# ACTIVITY
A faithful copy of the listing below is needed, with its pictures left out.

# DATA BELOW
━━━
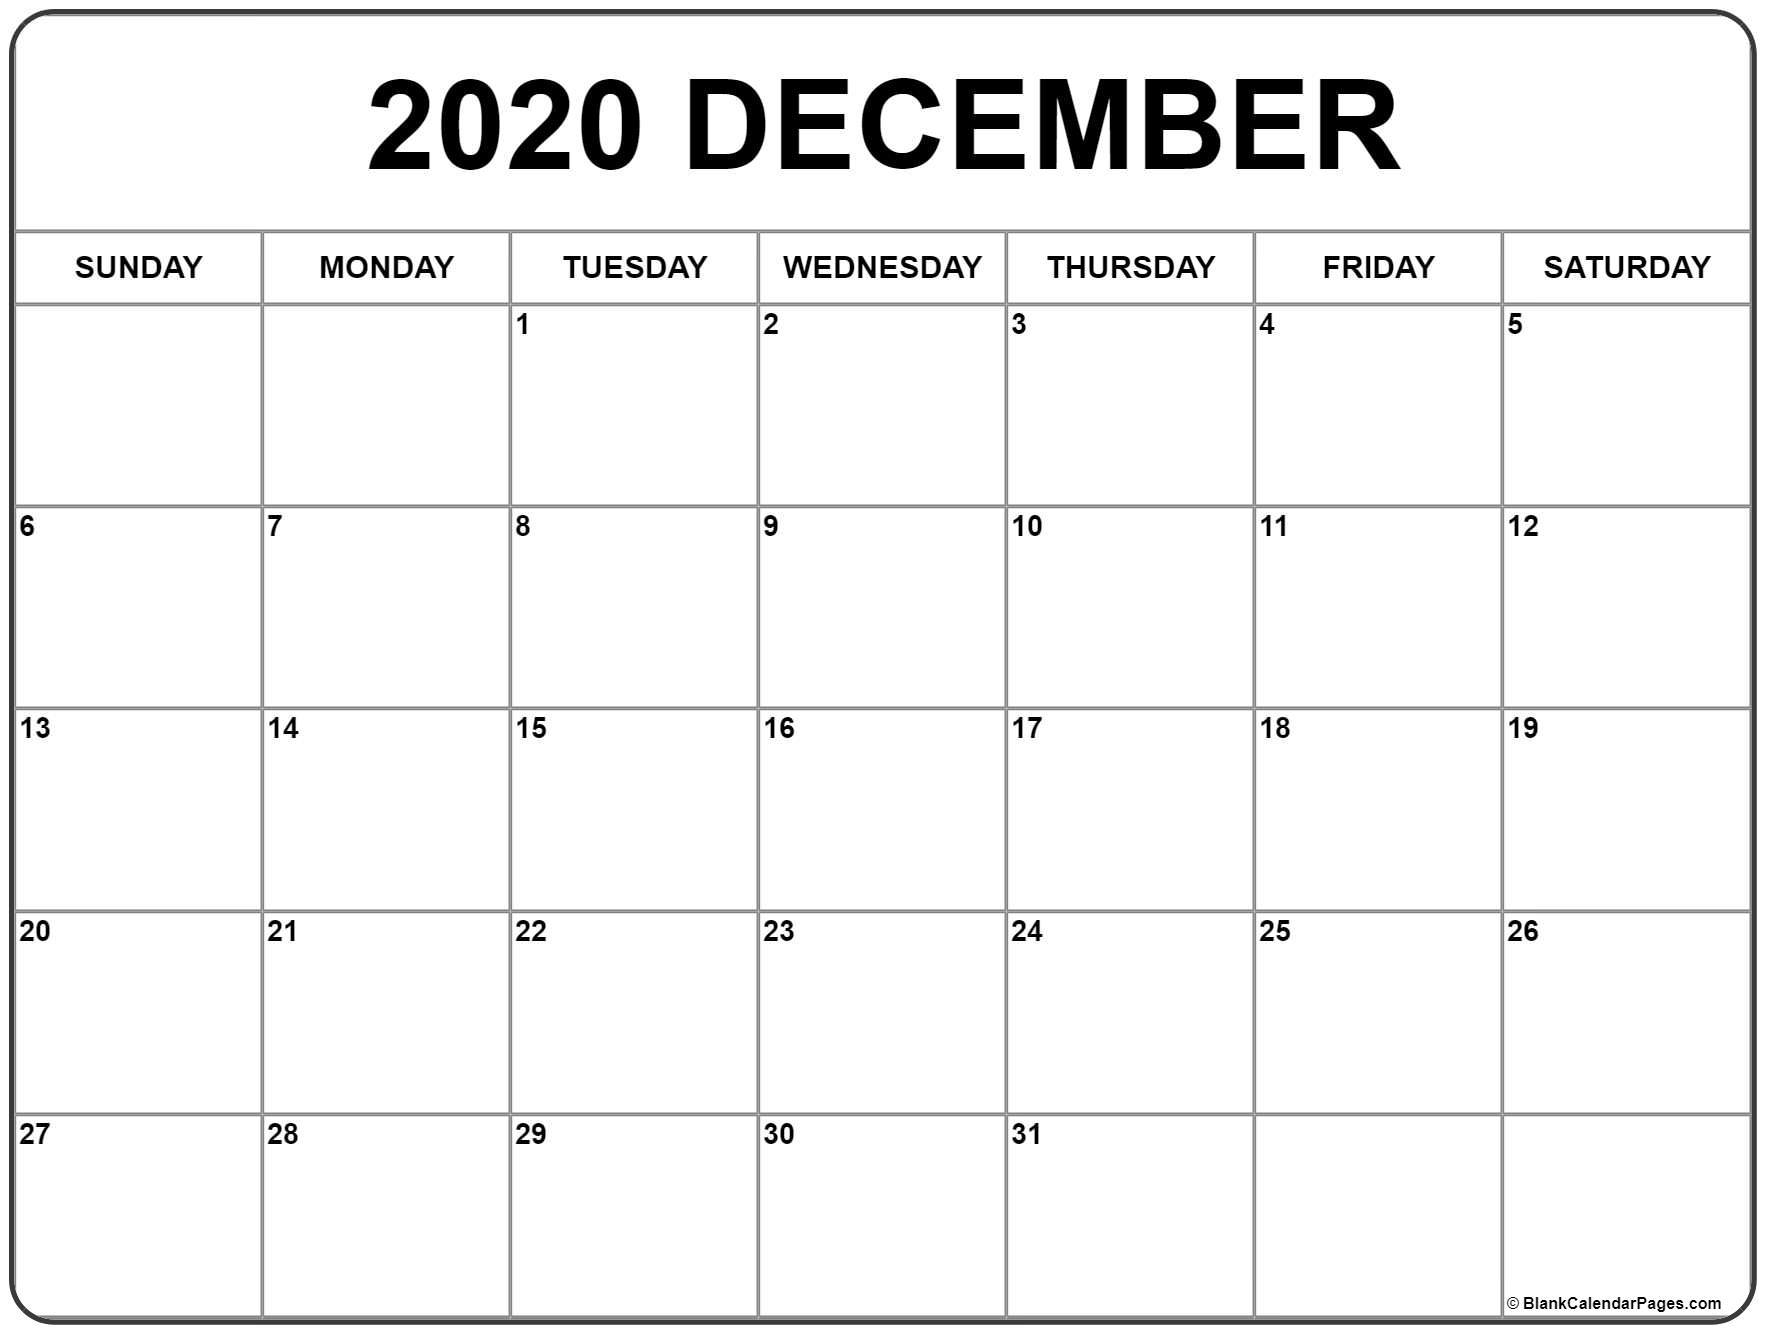 December 2020 Calendar | Free Printable Monthly Calendars for Free Fill In Printable Calendars
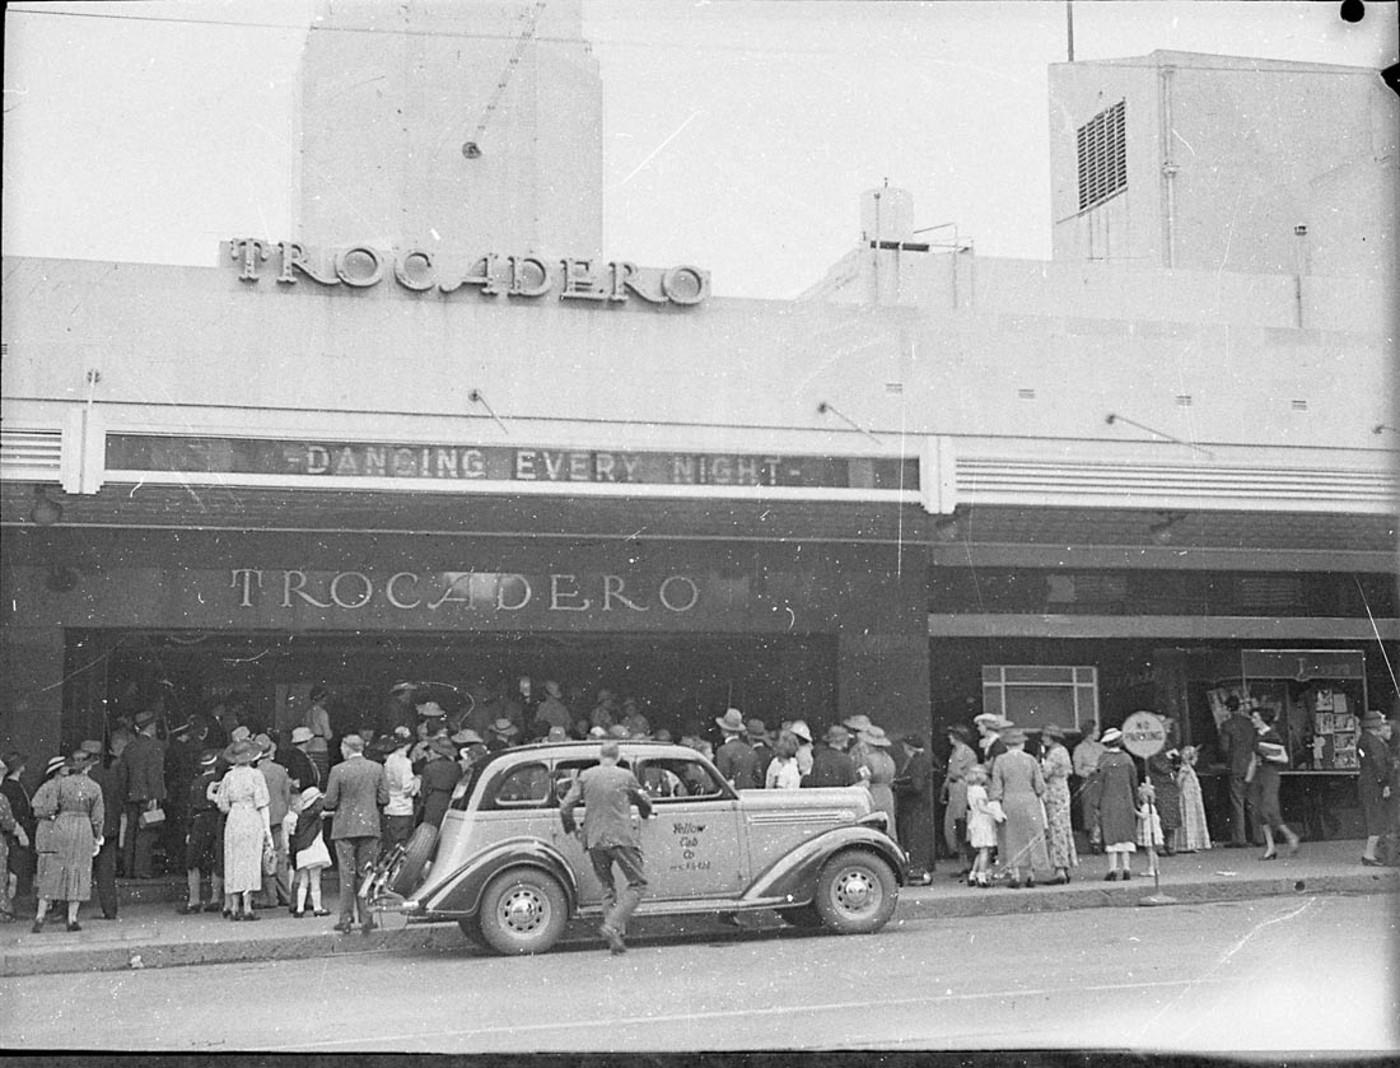 The Trocadero: Sydney's most glamorous dance hall
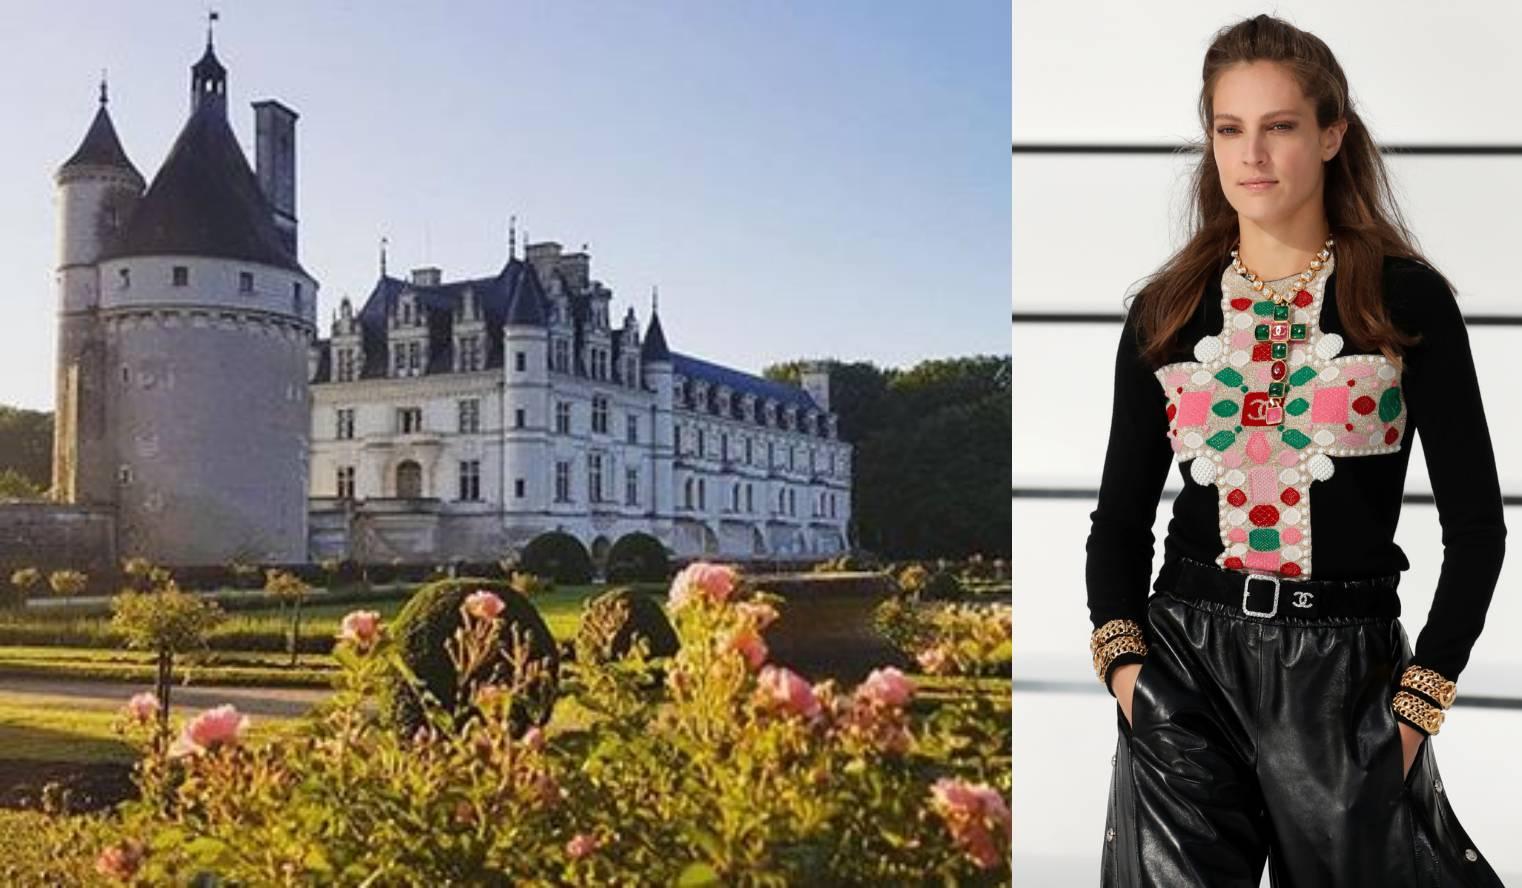 Chanel će svoju novu Métiers D'Art kolekciju predstaviti u veličanstvenom dvorcu
━━━
# EXERCISE OUTPUT
 December 2020 Calendar | Free Printable Monthly Calendars for Free Fill In Printable Calendars
 The Trocadero: Sydney's most glamorous dance hall
 Chanel će svoju novu Métiers D'Art kolekciju predstaviti u veličanstvenom dvorcu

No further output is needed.